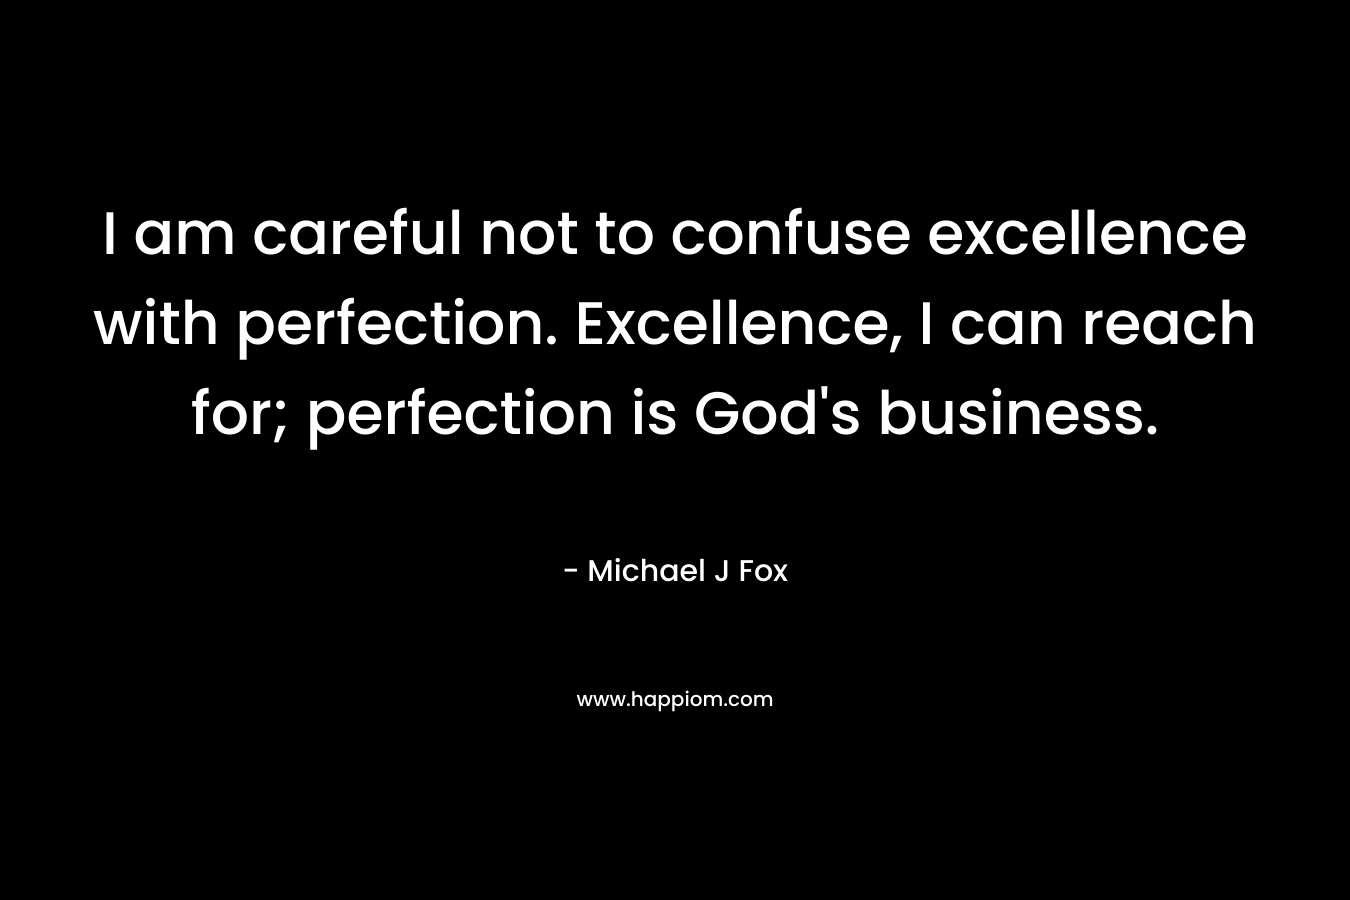 I am careful not to confuse excellence with perfection. Excellence, I can reach for; perfection is God's business.
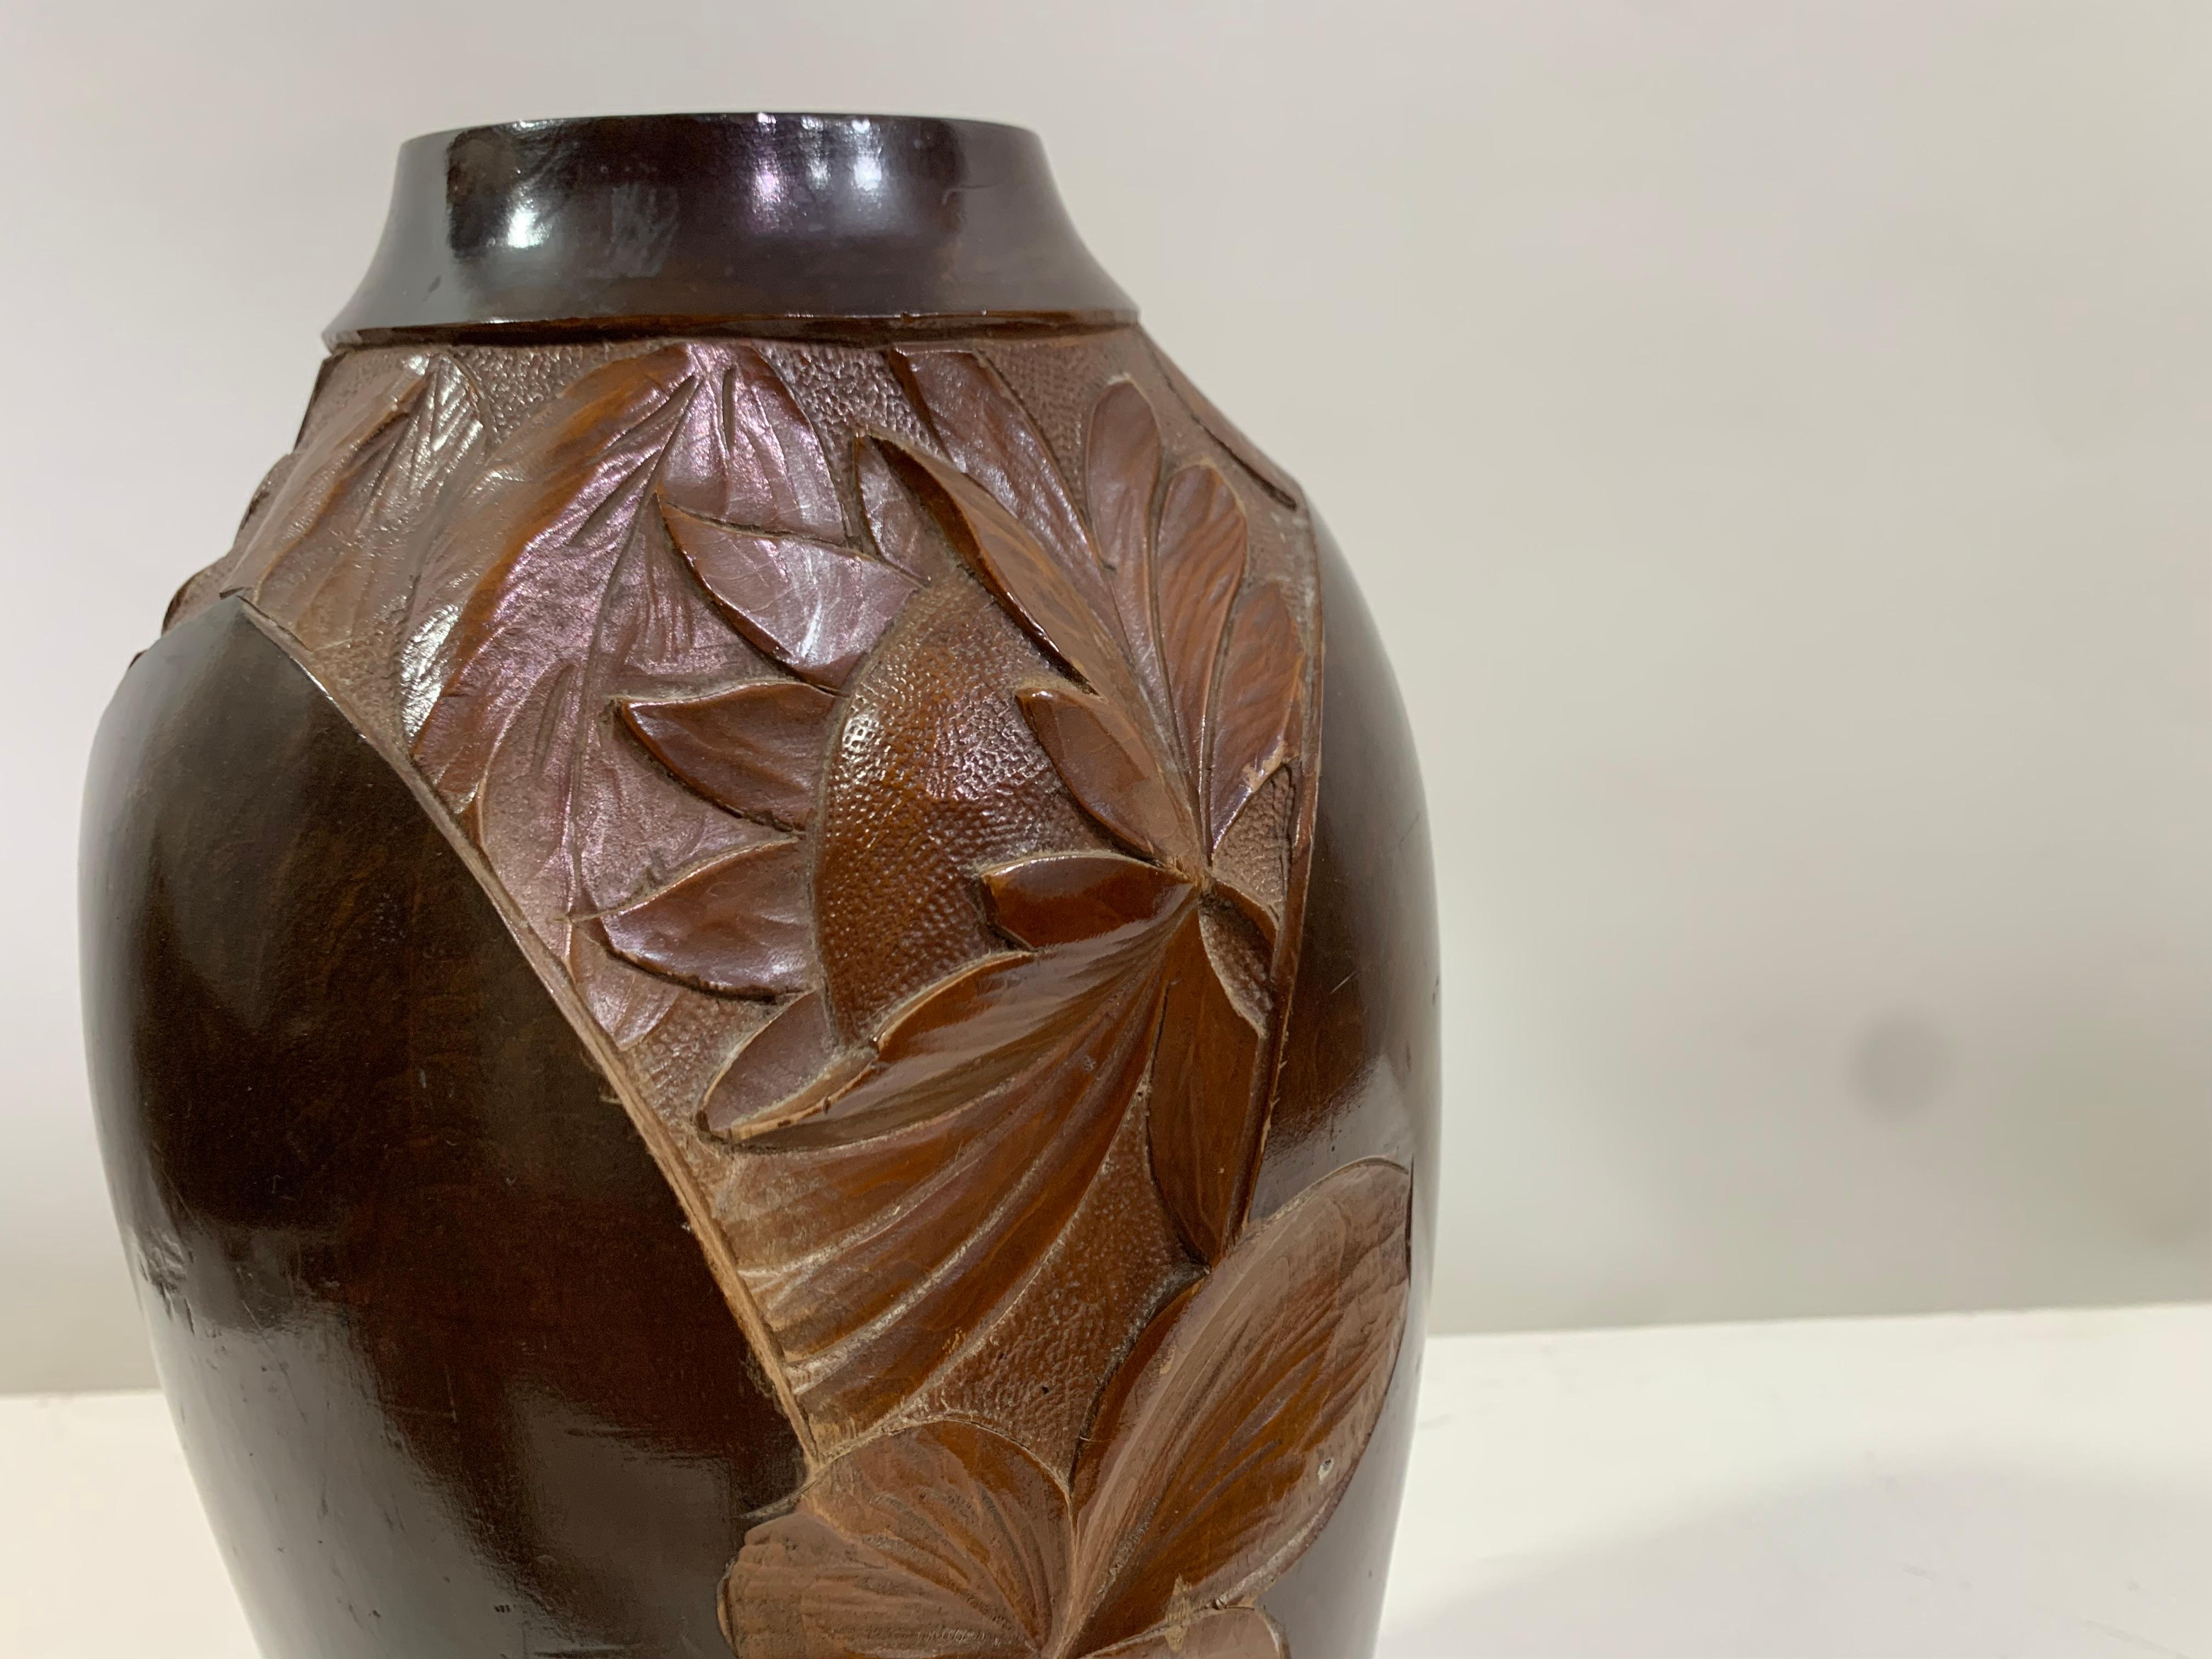 Vintage handmade wooden vase signed Dupia, depicting flowers.

This unique piece stands as a testament to the timeless appeal of handmade artistry. It seamlessly marries the vintage charm of the past with the allure of today's interiors, making it a
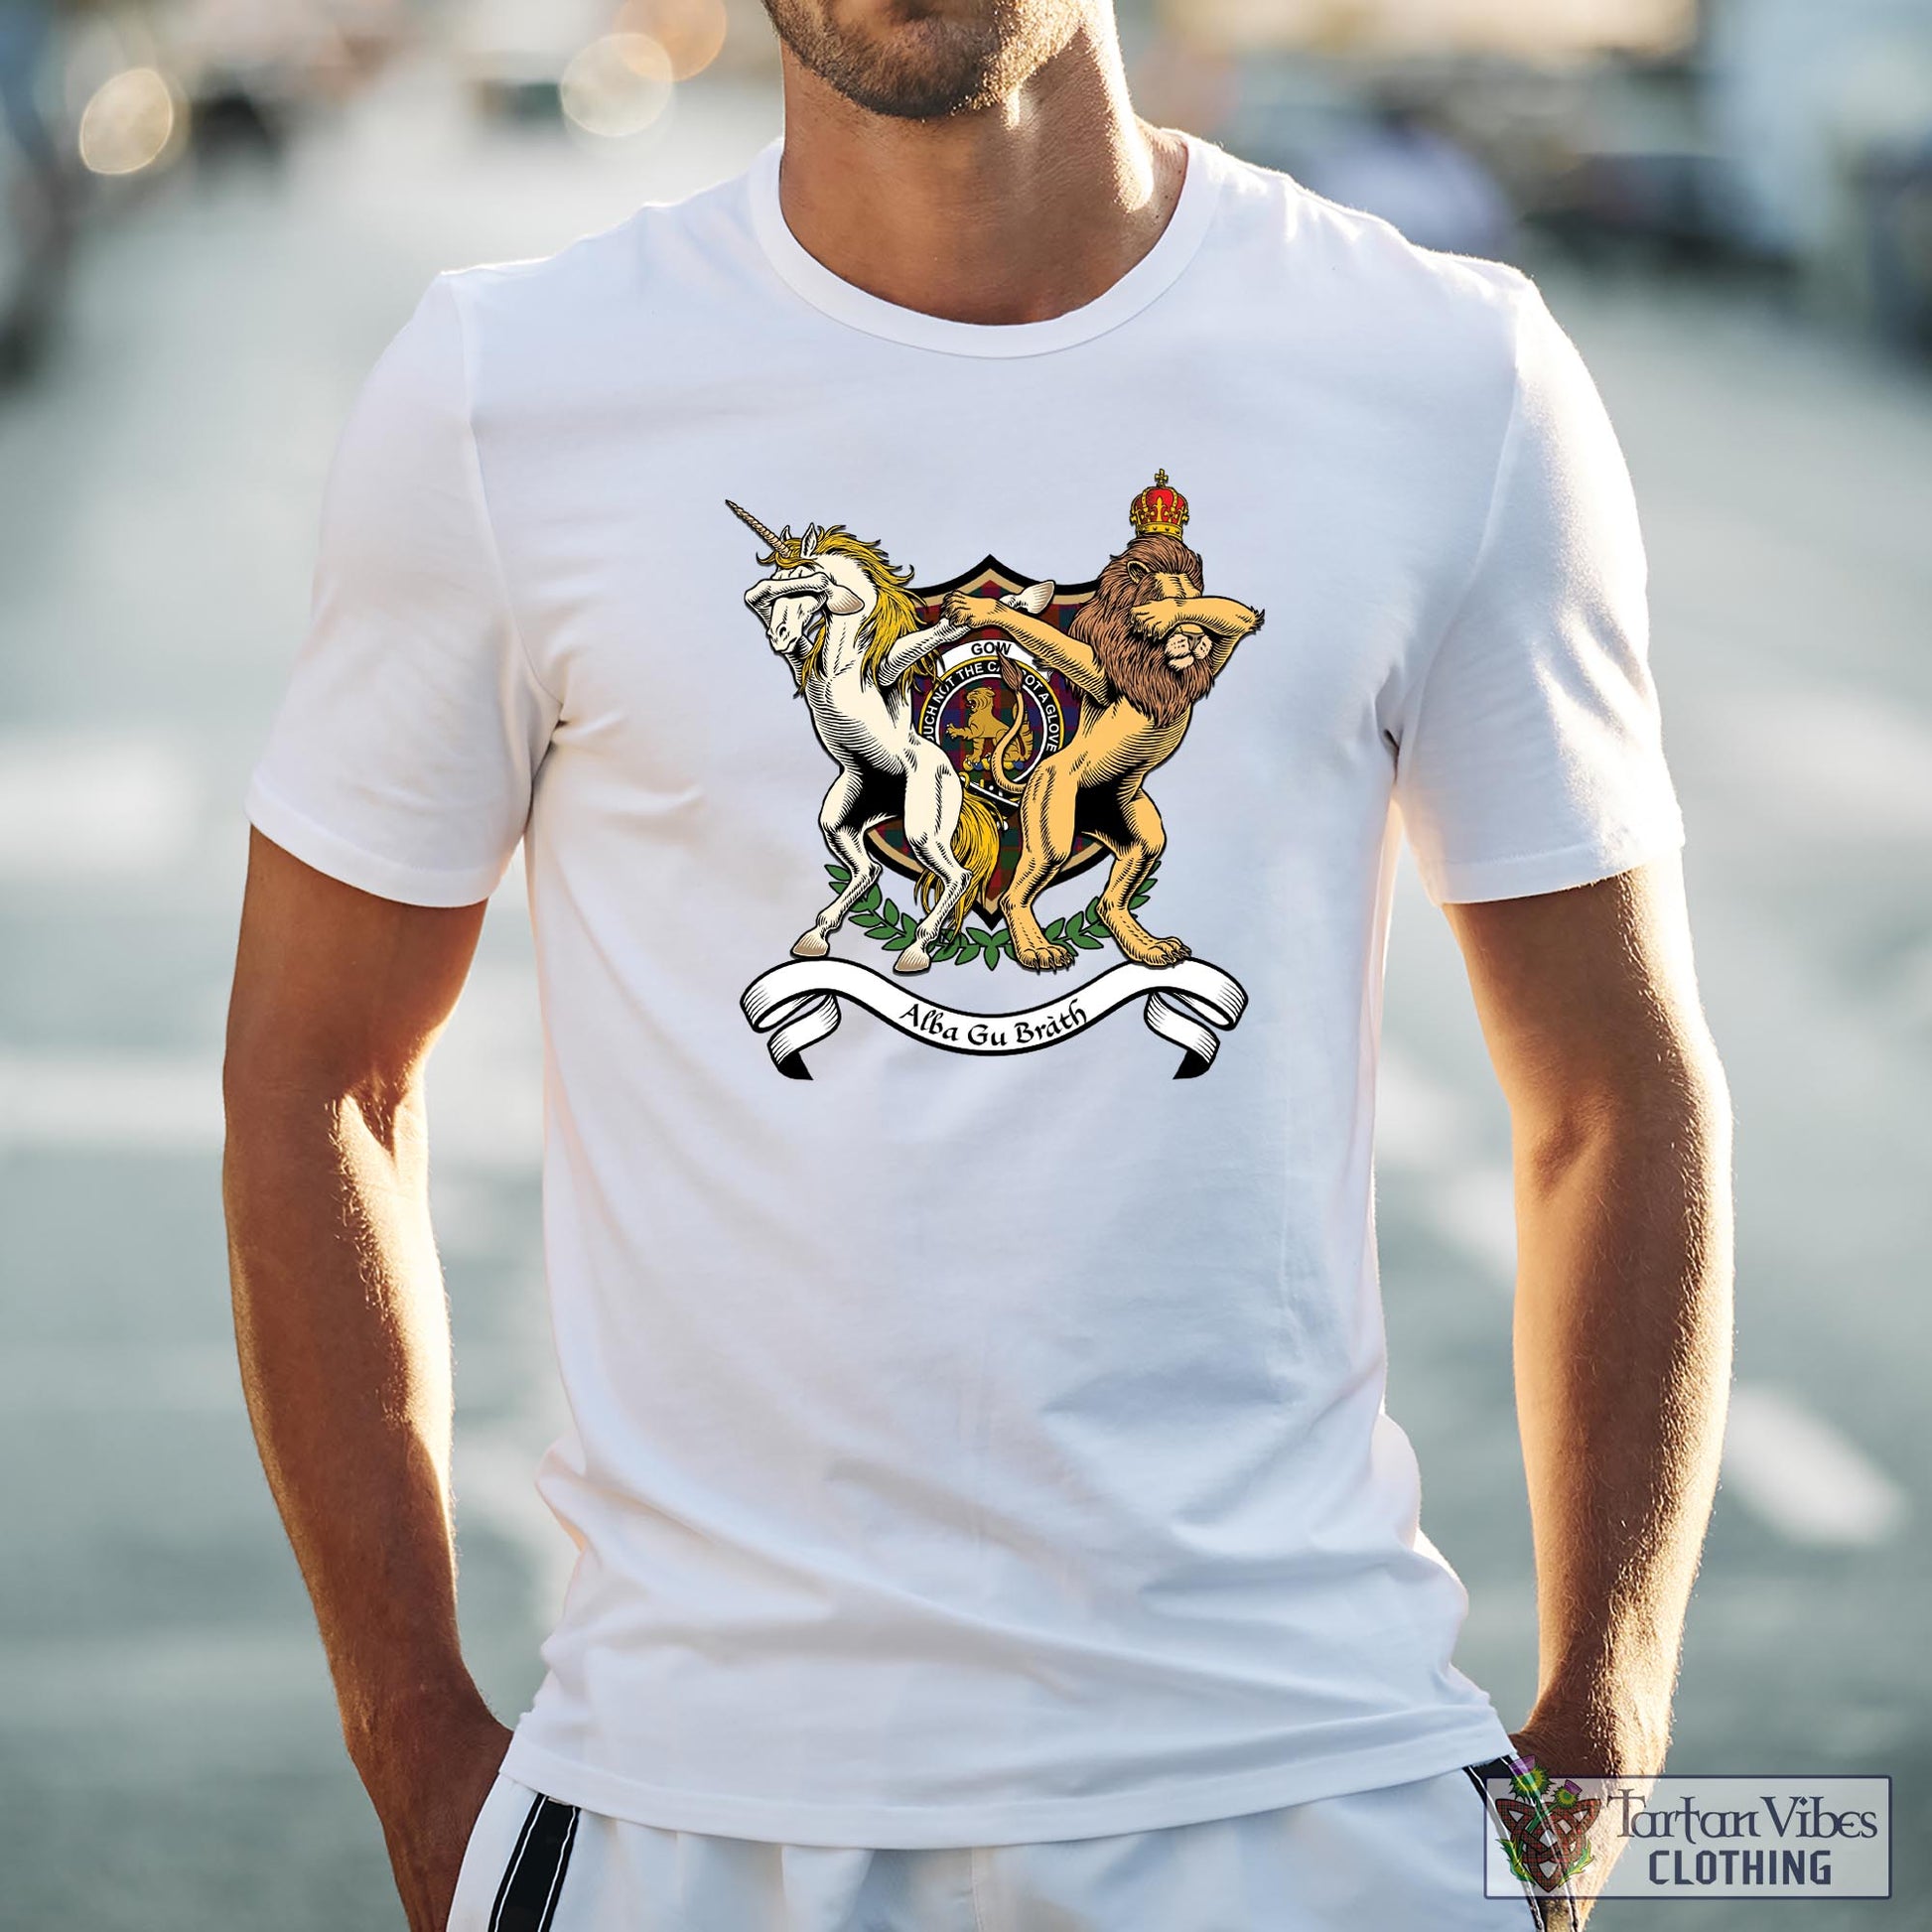 Tartan Vibes Clothing Gow Family Crest Cotton Men's T-Shirt with Scotland Royal Coat Of Arm Funny Style

● ● ● ●

= Directions for this task =
Leave the pictures out and output the rest of the listing exactly.

= Output of the task =
 I am careful not to confuse excellence with perfection. Excellence, I can reach for; perfection is God's business.
 Vintage handmade wooden vase signed Dupia, depicting flowers.

This unique piece stands as a testament to the timeless appeal of handmade artistry. It seamlessly marries the vintage charm of the past with the allure of today's interiors, making it a
 Tartan Vibes Clothing Gow Family Crest Cotton Men's T-Shirt with Scotland Royal Coat Of Arm Funny Style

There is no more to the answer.